Fenomena ini, lanjutnya, menggambarkan gejala currency substitution, yaitu penggunaan mata uang asing dalam berbagai transaksi ekonomi akibat menurunnya kepercayaan terhadap mata uang domestik.
“Currency substitution membuat suatu negara kehilangan identitas nasionalnya dan bahkan membuat kebijakan moneternya menjadi tidak efektif. Bank sentral tidak dapat mempengaruhi jumlah uang beredar karena sebagian besar transaksi menggunakan mata uang asing,” tuturnya.
Untuk mengatasi hal tersebut, Syarkawi menilai redenominasi dapat menjadi langkah strategis guna mengembalikan kepercayaan publik terhadap rupiah.
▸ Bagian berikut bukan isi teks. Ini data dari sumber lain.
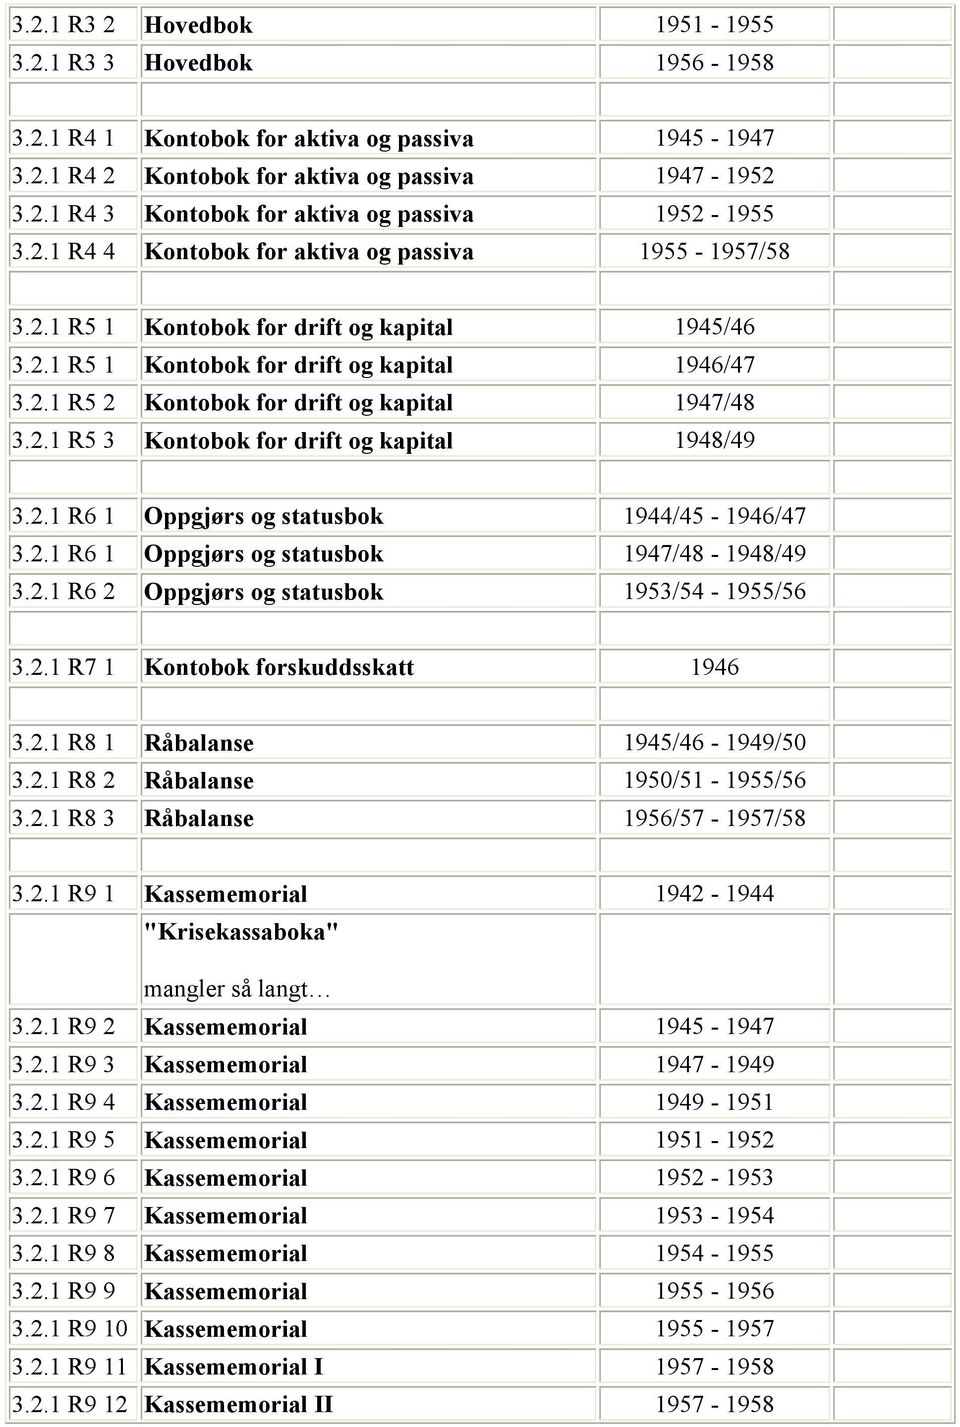 2.1 R5 3 Kontobok for drift og kapital 1948/49 3.2.1 R6 1 Oppgjørs og statusbok 1944/45-1946/47 3.2.1 R6 1 Oppgjørs og statusbok 1947/48-1948/49 3.2.1 R6 2 Oppgjørs og statusbok 1953/54-1955/56 3.2.1 R7 1 Kontobok forskuddsskatt 1946 3.

Ia mencontohkan pengalaman Turkiye yang pada 2005 melakukan redenominasi besar-besaran dengan menghilangkan enam angka nol dari mata uang lamanya tanpa menurunkan daya beli masyarakat.
“Proses yang sama dapat dilakukan oleh Bank Indonesia dengan menghilangkan tiga angka nol dalam mata uang rupiah. Misalnya, Rp1.000 lama menjadi Rp1 baru tanpa mengubah daya belinya,” ujarnya.
Lebih lanjut ia menegaskan, redenominasi tidak akan memengaruhi nilai tukar atau daya beli masyarakat, melainkan hanya menyederhanakan nilai nominal agar lebih efisien dan mudah digunakan.